» **About this exercise**: Omit all pictures and transcribe only the lines in the entries below that run from the line with "Calaméo L indépendant Semaine 01 2017" through the line with "XMLEGENDS_VOL_1_TPB Marvel Comics".

» **Input for this task**:

______

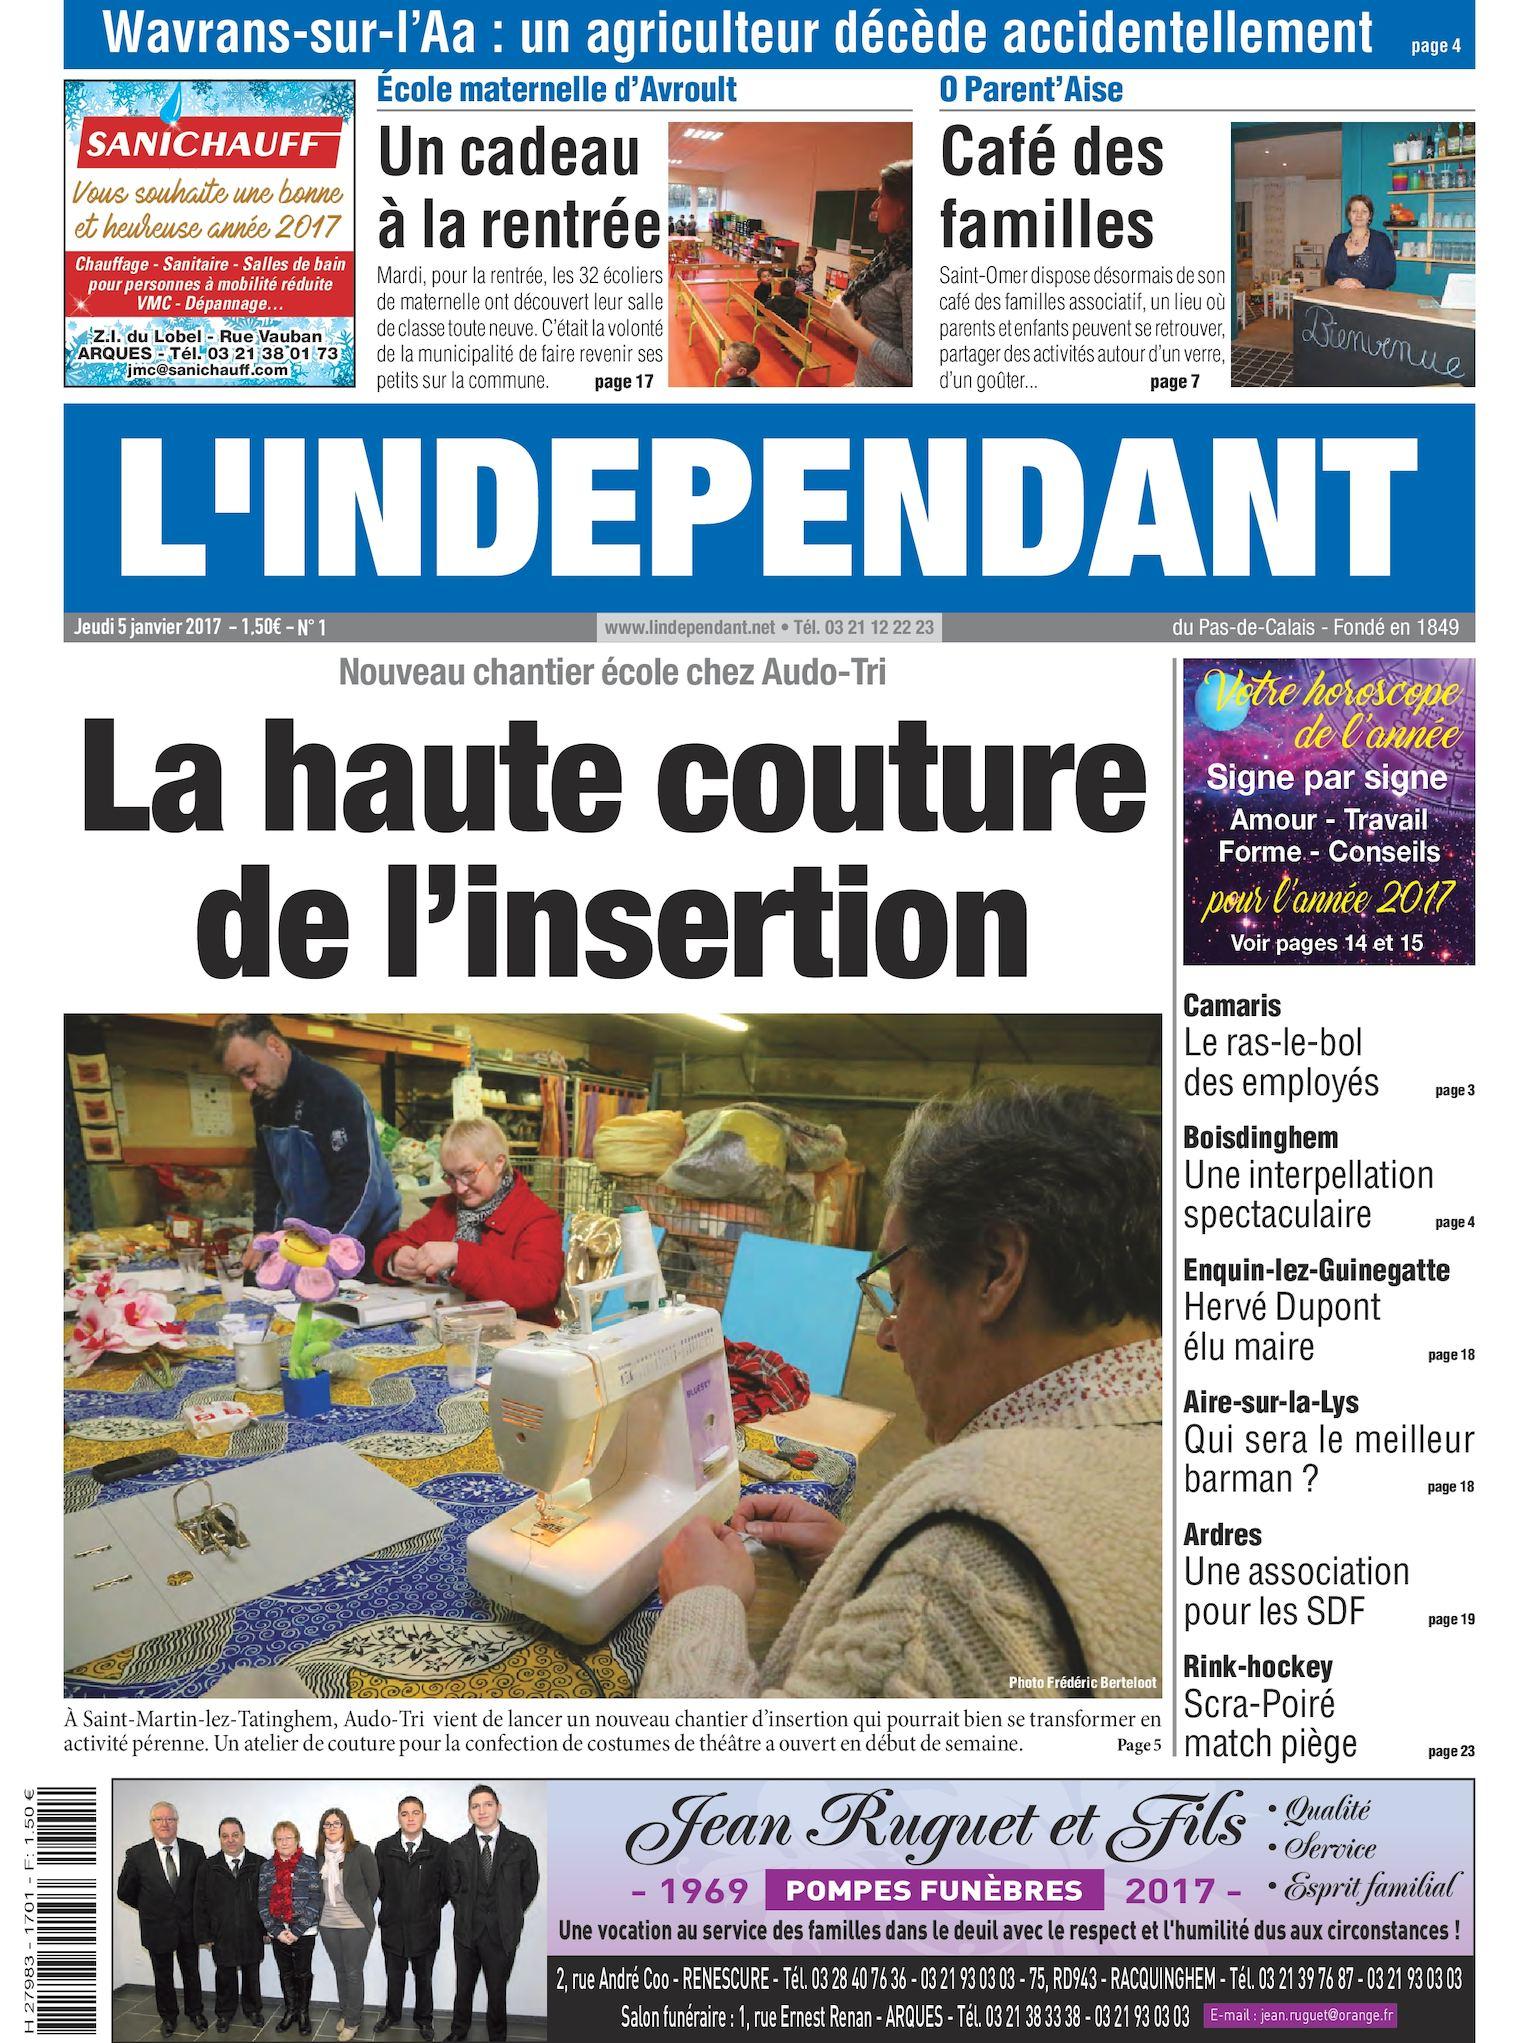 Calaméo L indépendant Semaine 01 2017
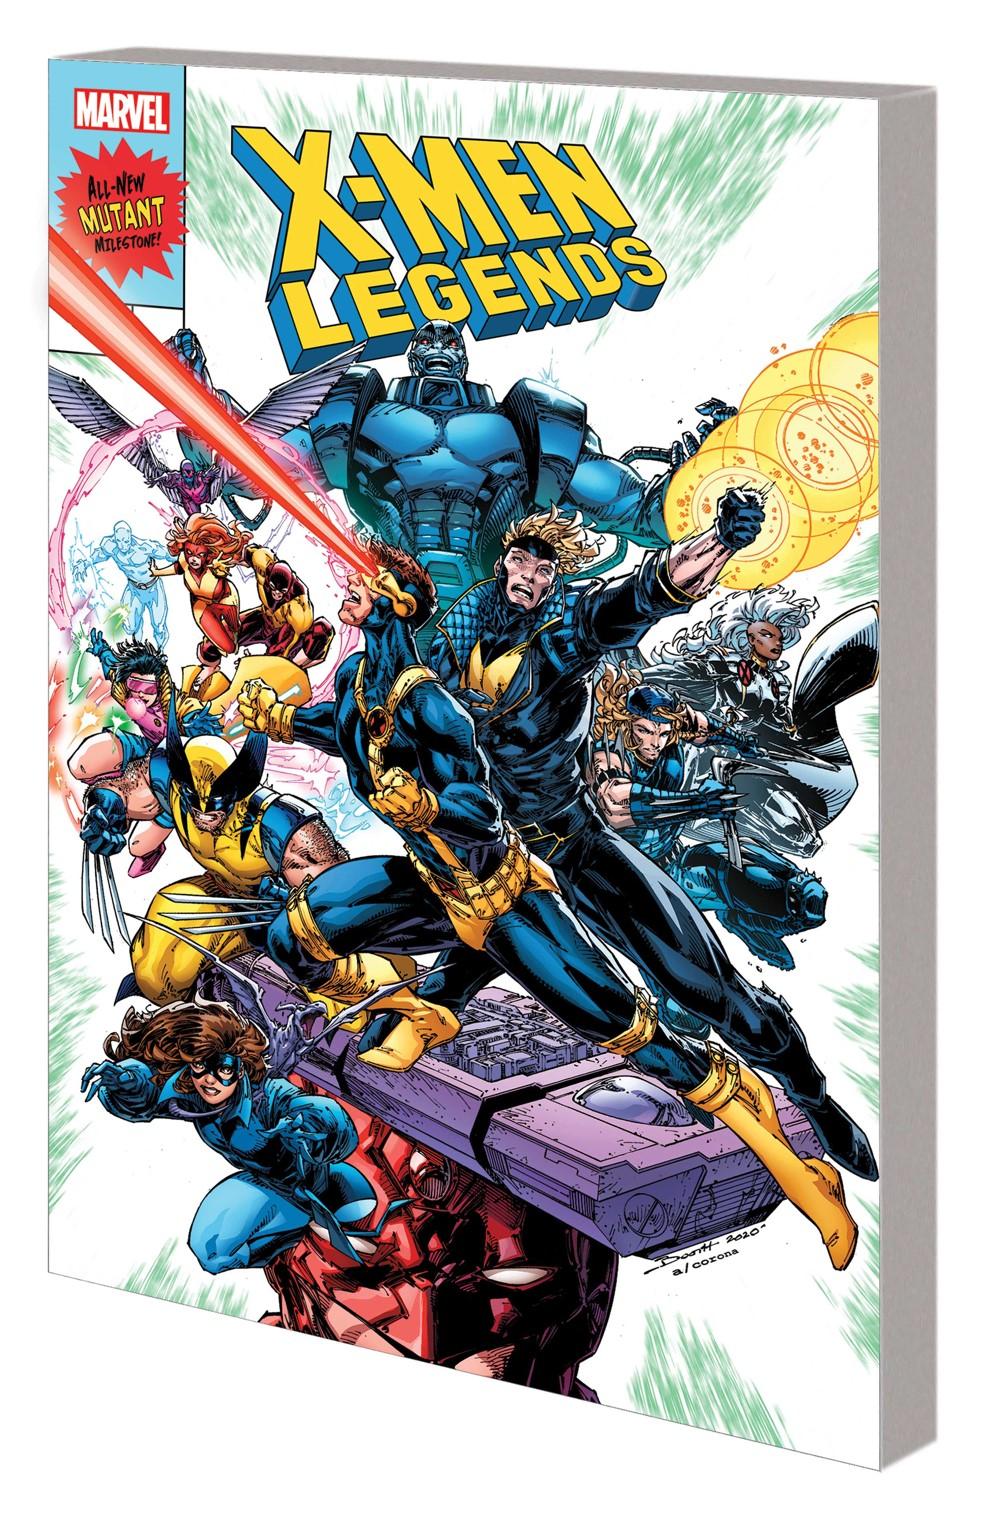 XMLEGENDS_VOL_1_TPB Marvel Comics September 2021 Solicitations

______

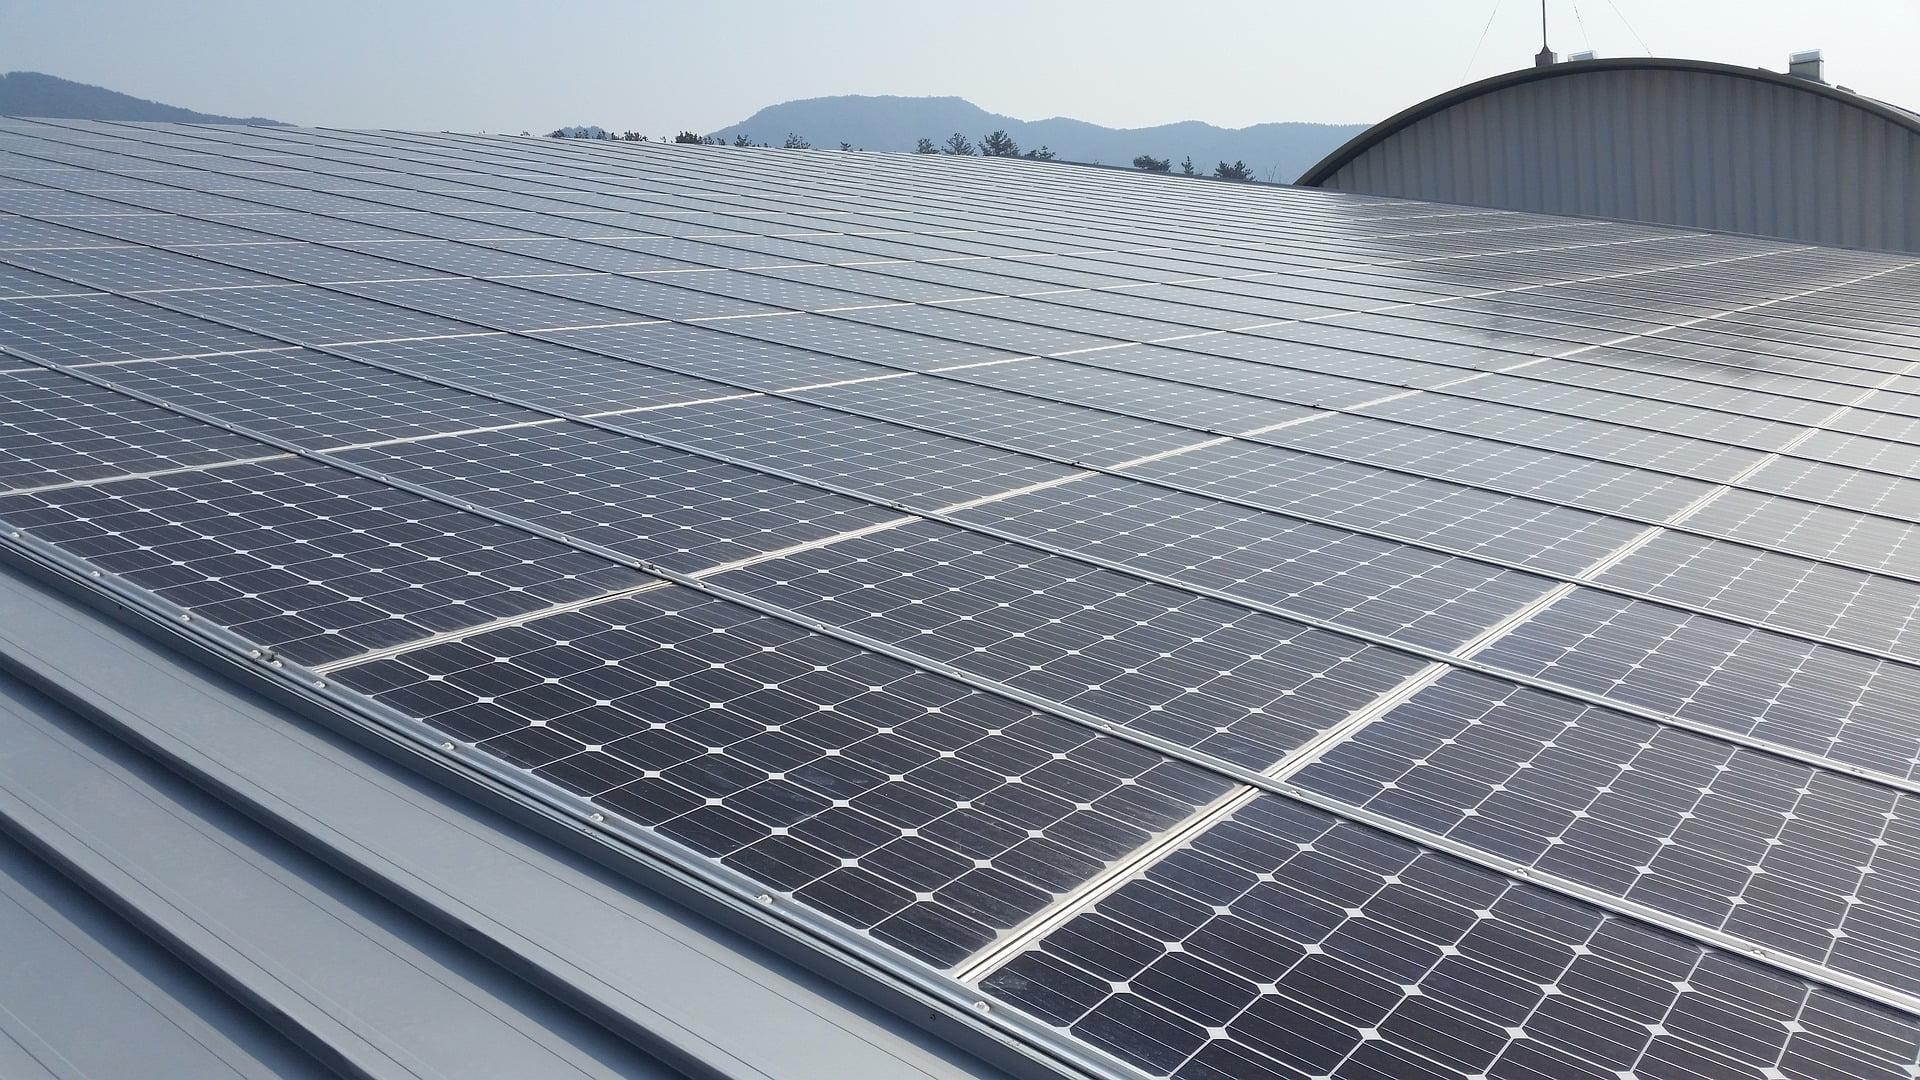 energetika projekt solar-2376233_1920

______

» **Response to this task**:
 Calaméo L indépendant Semaine 01 2017
 XMLEGENDS_VOL_1_TPB Marvel Comics September 2021 Solicitations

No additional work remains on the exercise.